Through the use of photography, video and sculpture, Sookoon Ang (born in 1977, lives and works in Singapore and France) deals with the question of existence and its uncertain nature. Emotions, daily life and notions of reality and perception are present in her work, making us reconsider our perceptible environment.

Christophe Berdaguer and Marie Péjus

© Berdaguer & Péjus, C.28, 2014. Inside, Palais de Tokyo (2014) Crédit photo : André Morin © Berdaguer&péjus. © ADAGP / Paris 2014.
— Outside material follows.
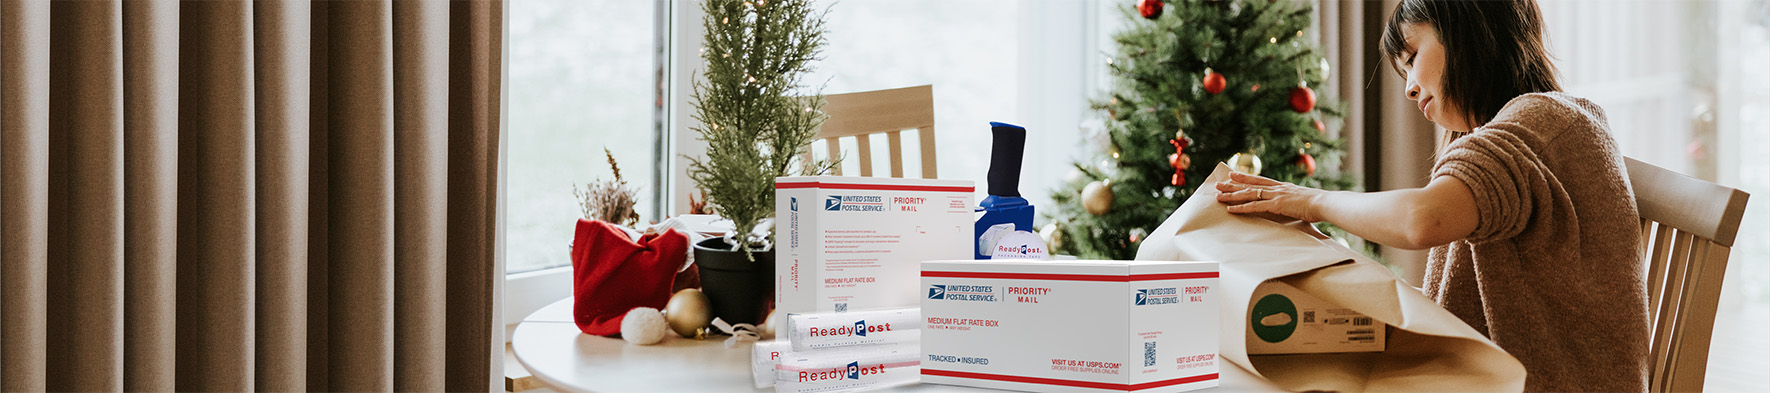 Woman wrapping holiday gifts with USPS shipping supplies on the table.
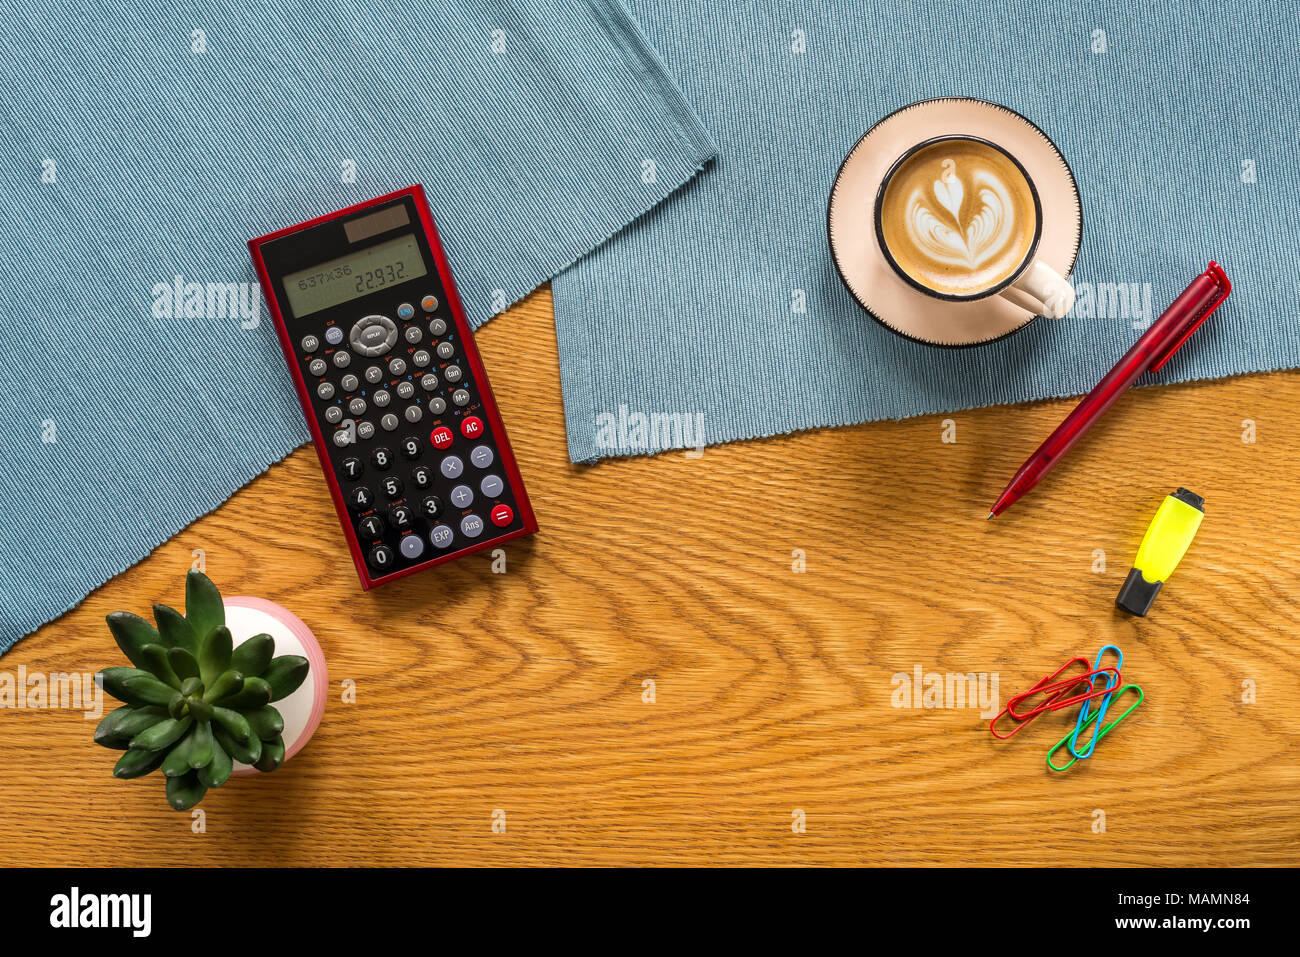 Accountant workspace as flat lay from above with numbers in calculator, plant, marker pen, paper clips and coffee with wooden background Stock Photo

For the exhibition Inside, artists Christophe Berdaguer and Marie Péjus (born respectively in 1968 and 1969, live and work in Paris and Marseille) present their installation E.17 Y.40 A.18 C.28 X.40 0.13,5 composed of a series of sculptures based on drawings made by patients during a psychological test in which they were asked to draw a tree.
Each drawing channels unconscious determinations from within the patient whose psychological state generates a set of forms and constructions. The three-dimensional materialization of these drawings creates shared and sharable “self-portraits” that we can relate to, from the standpoint of our own histories, traumas and failures.
Berdaguer & Péjus manipulate symptoms of existence such as emotions and pathologies in order to generate forms, revealing the state of the world and the way in which people continuously invent new remedies to adapt to the necessities of their time.

Peter Buggenhout

Vue d'exposition, Inside, Palais de Tokyo (2014). Peter Buggenhout, 2014. Crédit photo : André Morin

Peter Buggenhout (born in 1963, lives and works in Ghent) has created, with Hold On (2014), a hybrid and imposing site-specific installation that seems, at first glance, to be an abandoned structure or a derelict building. It creates a sense that one has arrived too late, after the world has ended. 
The work leaves the viewer no other choice but to follow a labyrinthine and uneven pathway, amid the debris of gutted caravans and flaccid bouncy castles that one must nevertheless penetrate.
Peter Buggenhout’s sculptures and installations seem to emanate from chaos, but an organized chaos, usually to a monumental scale.
Assemblages of dust and trash mixing the organic, the mechanical and the industrial, his works are like so many relics of the mundane elevated to the rank of spiritual altar. The visitor is caught between fascination and fear, and by the anguish of not knowing what he is dealing with: the loss of one’s bearings is reinforced by an ode to the amorphous.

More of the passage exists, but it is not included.